Re: [PATCH RFC] KVM: TDX: Defer guest memory removal to decrease shutdown time

From: Sean Christopherson
Date: Thu Mar 27 2025 - 11:55:05 EST

Next message: Steven Rostedt: "[for-next][PATCH] tracing: Use _text and the kernel offset in last_boot_info"
Previous message: Doug Anderson: "Re: [PATCH v2 1/4] dt-bindings: display: panel: samsung,atna40yk20: document ATNA40YK20"
In reply to: Adrian Hunter: "Re: [PATCH RFC] KVM: TDX: Defer guest memory removal to decrease shutdown time"
Next in thread: Adrian Hunter: "Re: [PATCH RFC] KVM: TDX: Defer guest memory removal to decrease shutdown time"
Messages sorted by: [ date ] [ thread ] [ subject ] [ author ]

On Thu, Mar 13, 2025, Adrian Hunter wrote:
> Improve TDX shutdown performance by adding a more efficient shutdown
> operation at the cost of adding separate branches for the TDX MMU
> operations for normal runtime and shutdown. This more efficient method was
> previously used in earlier versions of the TDX patches, but was removed to
> simplify the initial upstreaming. This is an RFC, and still needs a proper
> upstream commit log. It is intended to be an eventual follow up to base
> support.

...

> == Options ==
>
> 1. Start TD teardown earlier so that when pages are removed,
> they can be reclaimed faster.
> 2. Defer page removal until after TD teardown has started.
> 3. A combination of 1 and 2.
>
> Option 1 is problematic because it means putting the TD into a non-runnable
> state while it is potentially still active. Also, as mentioned above, Sean
> effectively NAK'ed it.

Option 2 is just as gross, arguably even worse. I NAK'd a flavor of option 1,
not the base concept of initiating teardown before all references to the VM are
put.

AFAICT, nothing outright prevents adding a TDX sub-ioctl to terminate the VM.
The locking is a bit heinous, but I would prefer heavy locking to deferring
reclaim and pinning inodes.

Oh FFS. This is also an opportunity to cleanup RISC-V's insidious copy-paste of
ARM. Because extracting (un)lock_all_vcpus() to common code would have been sooo
hard. *sigh*

Very roughly, something like the below (*completely* untested).
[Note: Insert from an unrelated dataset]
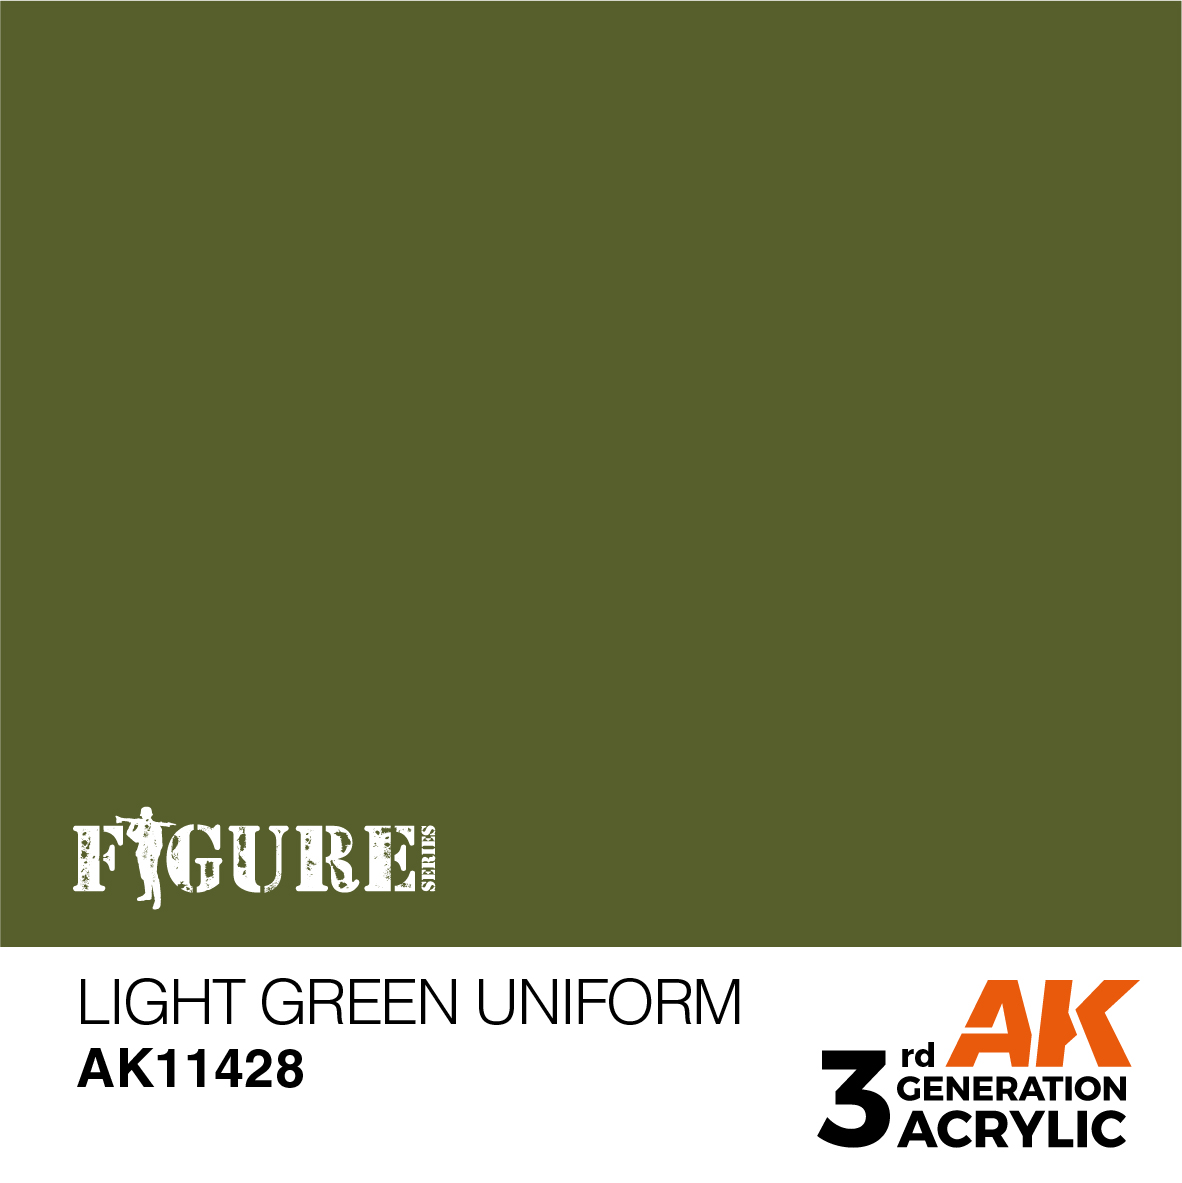 Light Green Uniform – Figures

An alternative to taking mmu_lock would be to lock all bound guest_memfds, but I
think I prefer taking mmu_lock is it's easier to reason about the safety of freeing
the HKID. Note, the truncation phase of a PUNCH_HOLE could still run in parallel,
but that's a-ok. The only part of PUNCH_HOLE that needs to be blocked is the call
to kvm_mmu_unmap_gfn_range().

---
arch/x86/kvm/vmx/tdx.c | 61 ++++++++++++++++++++++++++++++------------
1 file changed, 44 insertions(+), 17 deletions(-)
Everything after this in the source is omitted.